According to Table 4, when the thickness of the second yoke is 0.2 mm, the possible clamping force is about 18.8 gf for 1.0 <Ma <3.0, about 80.8 gf for 3.0 <Ma <5.0, and 5.0 <Ma <7.0 About 188.5gf.

FIG. 5A is a graph showing the clamping force required for the disc diameter by disc thickness when the dimension Ca of the clamping region 20 is 3.0 <Ca <5.0. Here, when the clamping force which can be realized by Table 4 is 19 gf, this feasible clamping force tm satisfies the clamping force required by a disk having a 30 mm diameter among disks having a disc diameter dT of 30 mm, 47 mm and 50.8 mm. Let's do it. The same result can be obtained even when the thicknesses of the second yoke are 0.4 mm and 0.6 mm. On the other hand, clamping areas of 3.0 <Ca <5.0 cannot be applied to 47mm diameter discs and 50.8mm discs.

FIG. 5B is a graph showing the clamping force required for the disc diameter by the disc thickness when the dimension Ca of the clamping region is 5.0 <Ca <7.0. Here, assuming that the feasible clamping force is 81 gf, this clamping force satisfies the clamping force required by a disk having a disc diameter dT of 30 mm, 47 mm and 50.8 mm. Here, considering that the size Ma of the magnet and the yoke is 3.0 <Ma <5.0 and the diameter of the spindle motor is 7.0mm, it is preferable that the dimension Ca of the clamping area is 5.0 <Ca <7.0mm.

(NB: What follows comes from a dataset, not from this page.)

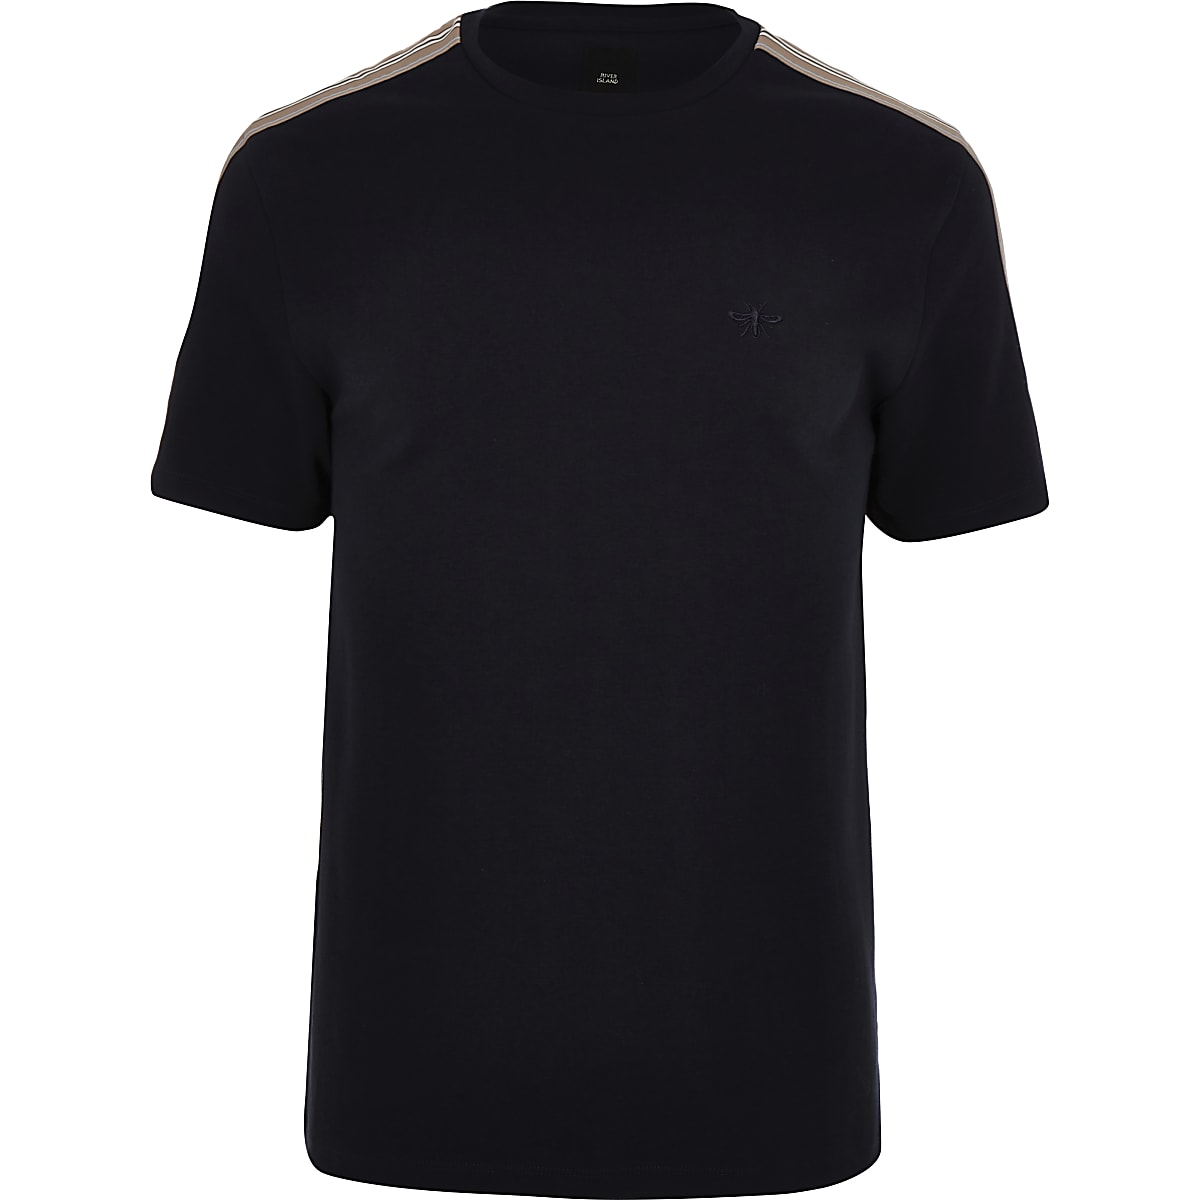 Big and Tall - Marineblauw T-shirt met bies en ronde hals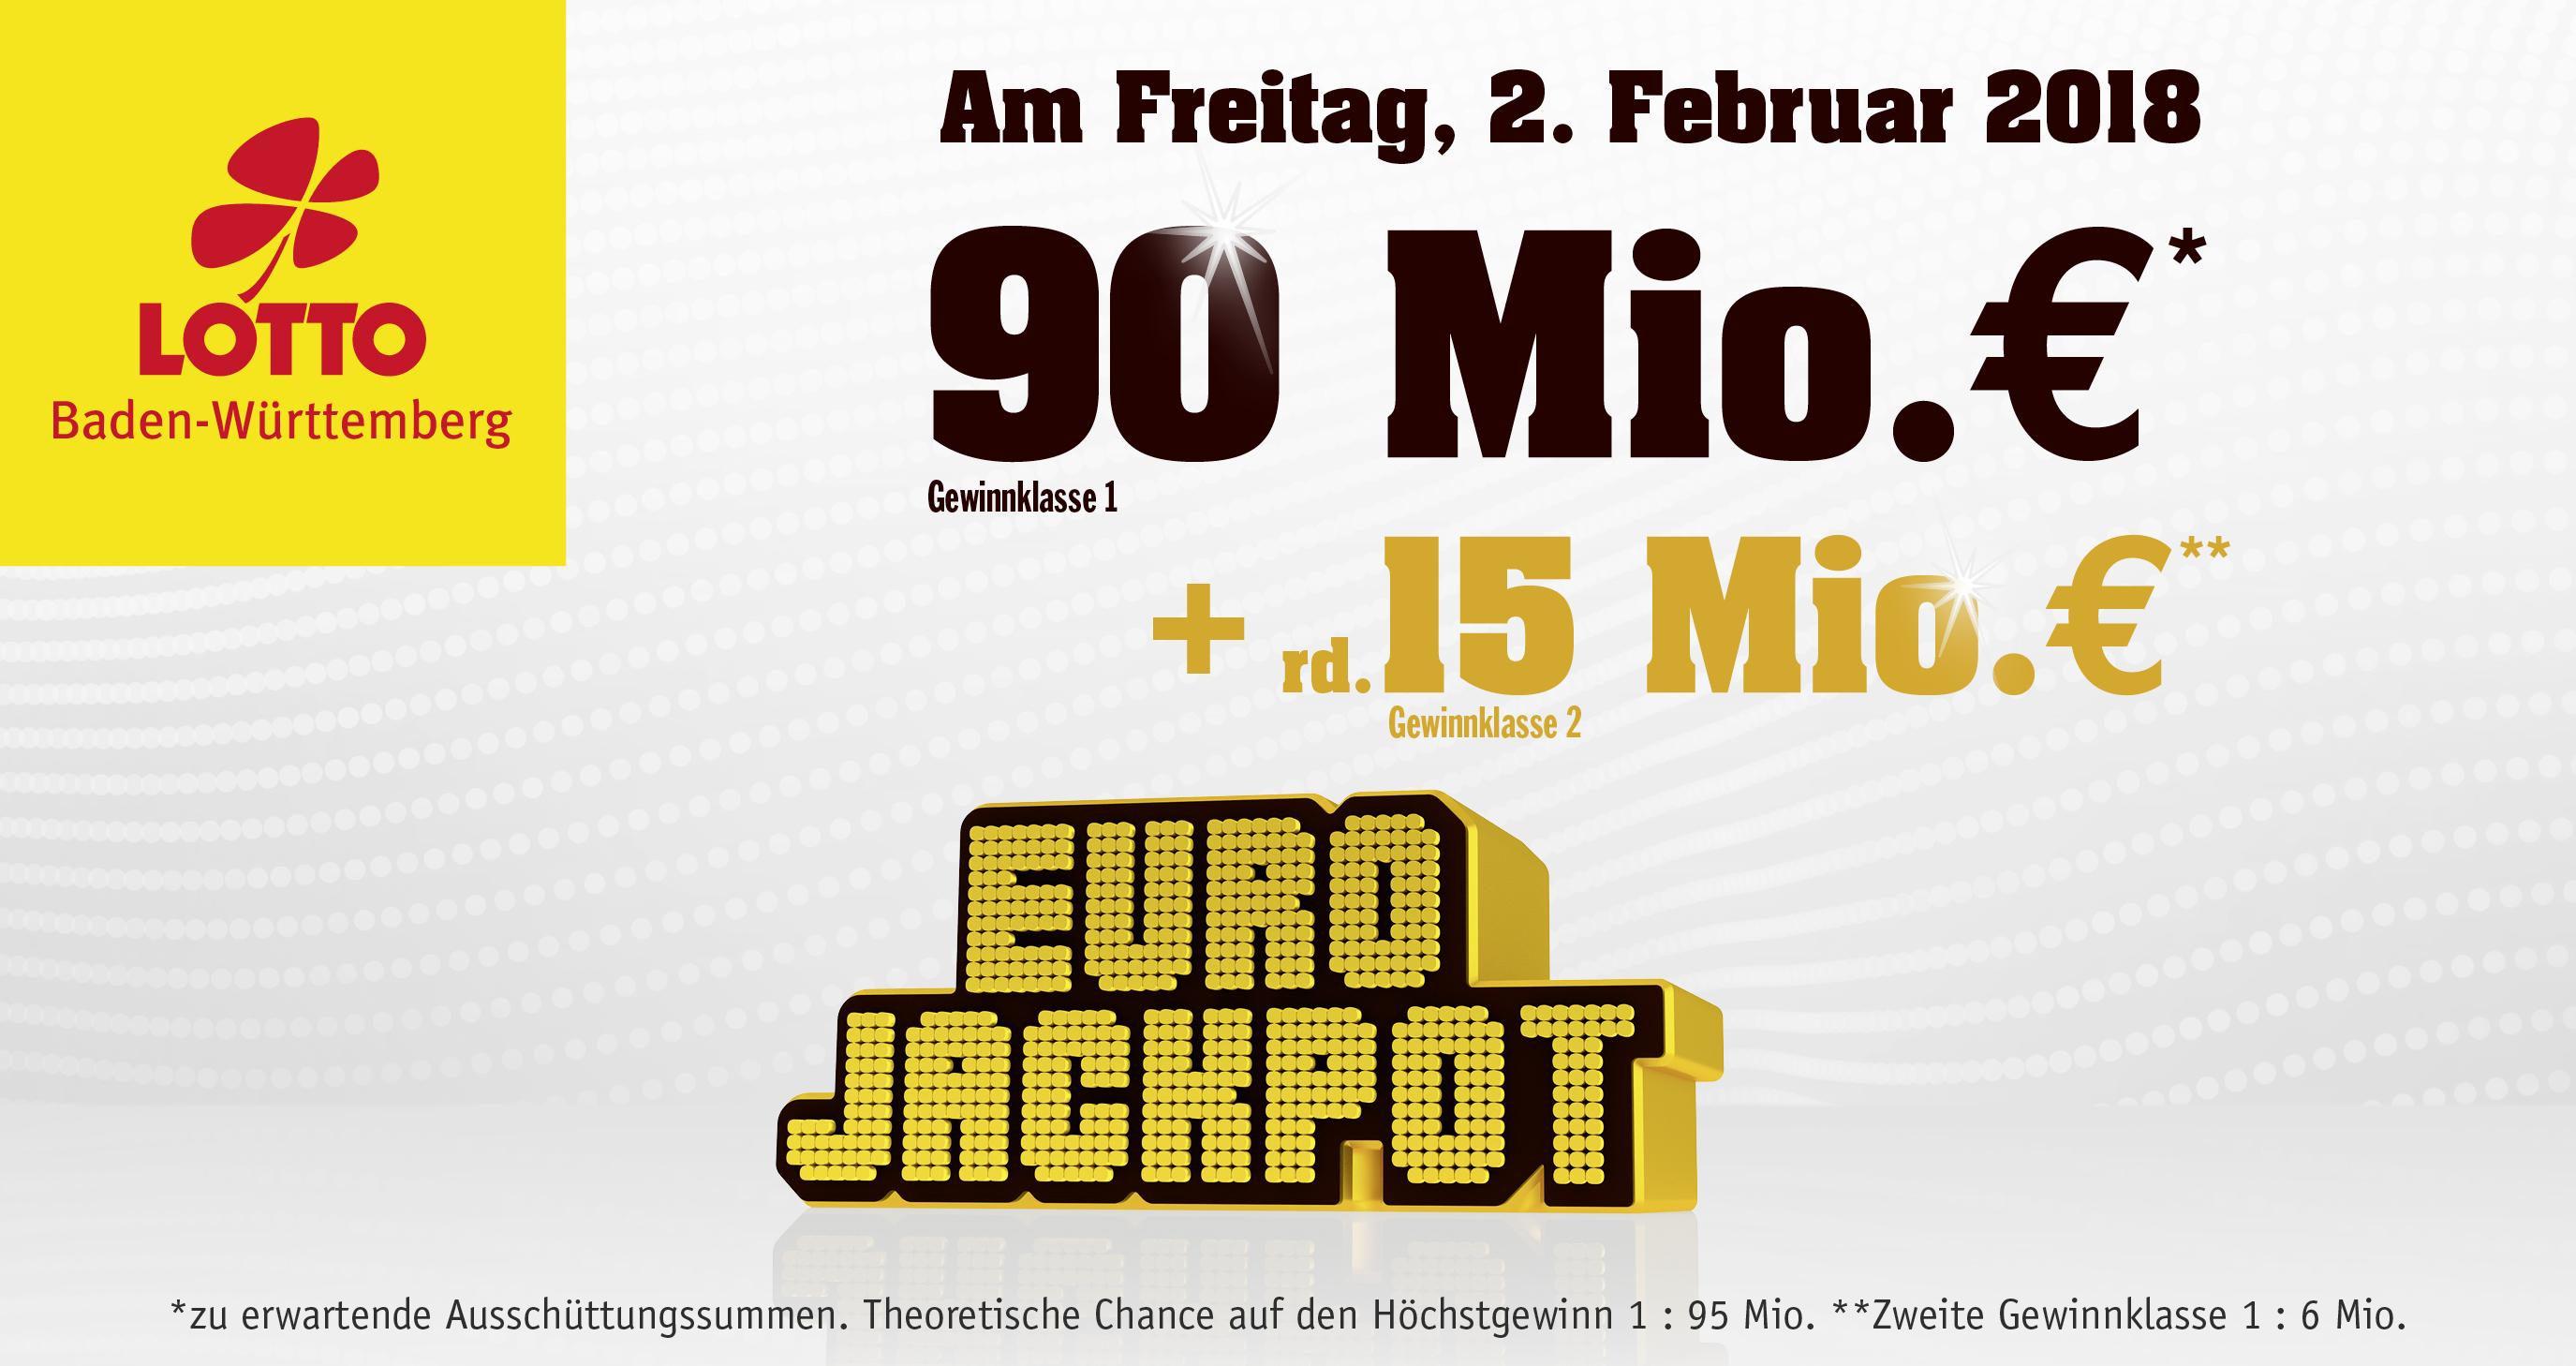 Eurojackpot Zweite GewinnklaГџe

FIG. 5C is a graph showing the clamping force required for the disc diameter by disc thickness when the dimension Ca of the clamping region is 7.0 <Ca <9.0 mm. Here, when the feasible clamping force is 188.5 gf, this clamping force satisfies the clamping force required for discs with disc diameters dT of 30 mm, 47 mm and 50.8 mm. In this case, therefore, all disks having a total diameter dT of 30 mm, 47 mm and 50.8 mm can be used. Here, as a result of analyzing the static deformation and the stress of the disk according to the change of the force required to remove the disk from the turntable, the deformation and stress of the disk in the required clamping force were not a problem to operate in the elastic region.

5A to 5C, the clamping region 20 may be started at a position of 3 mm or more in diameter. More preferably, the diameter of where the clamping region 20 starts may range from 3.0-9.0 mm. In addition, the diameter dC of the end of the clamping region 20 may be in the range of 5-11 mm. The clamping force corresponding to the clamping region 20 has a range of 7-70 gf. This clamping force is for 1x speed (CLV 1.76m / sec), and the clamping force increases in proportion to the double speed. For example, for a double speed optical information storage medium, the clamping force is in the range of 14-140 gf.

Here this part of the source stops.